Once you’ve caught the fish, you need to get it back to the surface. Reeling in the lure works the same as before but the larger the fish, the slower it comes back up. Reeling in the fish is an exercise in keeping your fish away from other, larger fish that will happily eat your fish if it comes their way.
- Fish still go for your fish if it appears in front of their mouth.
- If they latch on, they take a bite out of your fish.
- Three bites and you lose your fish. Each bite also reduces the value of your fish.
- If your fish makes it to the surface of the water, you’ve caught the fish!
- Reeling in the fish successfully acts as a timing and spatial skill mini-game.
When you catch the fish, a small celebration animation plays that shows you the fish that you caught. There are several pieces to this segment.
- Revealing rarity
- Awarding Money
When the fish is held up by the fisherman, the fish that you’ve been reeling in is revealed to be either a common (1), uncommon (2), rare (3) or very rare fish (4). Each type of fish has a distinct image associated with it.
- The rarer the fish the less likely it is to appear.
- A text label appears that say the name of the fish and the rarity. For example “Ancient Shoefish (Uncommon)”
- Bonus!: If you want to get really fancy, you can display a simple text modifier to each fish that also modifies it’s value. For example “ancient” increases value by 50% while “skanky” reduces value by 20%.
- The value of the fish is also displayed. A simple scoring equation might be size * rarity * modifier * 10. Feel free to play with the values to get the right balance.
- The amount of money the fish is worth is then added to the piggy bank counter that has been sitting on the screen this entire time.
Floating out in the sea are various markers that represent item upgrades. If you hit the marker exactly with your cast and you have enough money, you will purchase them. Otherwise, your lure will bounce off and sink as expected. These artifacts do the following:
- Bronze rod: Your basic rod. It casts a short distance off shore.
- Silver rod: Cast further
- Gold rod: Cast even further
- Legendary Rod: Cast far and reel in heavy fish quickly.
- Small Lure: Catch small fish.
- Medium Lure: Catch medium fish.
- Large Lure: Catch large fish. Note that there is no extra large lure, so there are always larger fish that pose as obstacles.
- Bomb lure: Explodes and kills the first fish that touches it. Even if it is a very large fish.
- Boy: Far on the edge of ocean is a Boy. He is inordinately expensive. This is how you win the game. And for the record, he is indeed, quite the catch. (What happens when you use an explosive lure on the Boy is up to your discretion…perhaps this is another way of winning.)

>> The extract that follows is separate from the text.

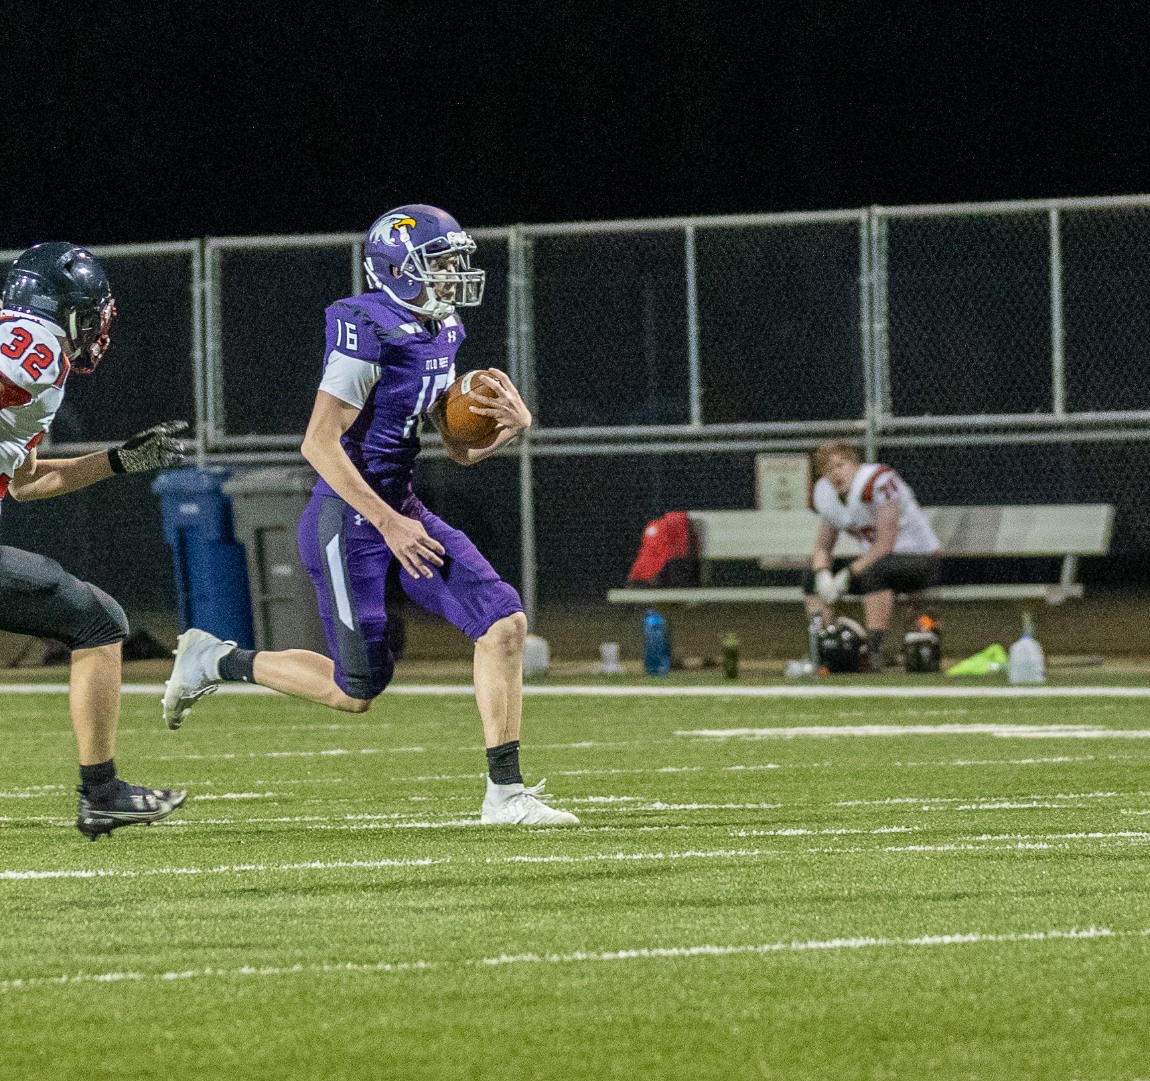 Eau-Claire-Memorial-JV-Football-LaCrosse-Central-at-Home-3-29-21-1830

As you catch more fish, the ocean gets more and more empty. This adds to the difficulty of finding fish. Fish always stay in approximately the same area until caught. Players will note where fish are located and be able to maneuver into position on subsequent casts.
If you wait long enough, more will respawn. If you fish out all the fish, there are no more fish left and you get a simple message “There are no more fish left in the ocean. There will never be any ever again.”
The game is about spotting a high value fish, maneuvering your lure into position while avoiding the bigger fish and finally maneuvering your fish back through the landmines of larger fish.
In essence, Fishing Girl is Frogger using a polar coordinate system, a frog that insists on drifting to the left and only the ability to move forward.
- FishingGirlFLA.zip (.FLA CS3): This is an import from Illustrator into Flash. There are no animations, but this might be useful if you don’t have access to Illustrator.
- FishingAI.zip (.AI CS3): This has the original artwork. From here you can go to .XAML for Silverlight or bitmap.
- FishingGirlPNG.zip: Bitmaps versions of all the images used.
- FishingGirlSWF.zip: A swf export of all the vectors. This is good if you don’t have CS3. You may have to dig a little to find what you need, but everything should be in there.
Best of luck! If you are intrigued by these graphics, you’ll love what the Mystery Project is turning into.
Update 11/1/2008: Added bitmaps and swf of all images.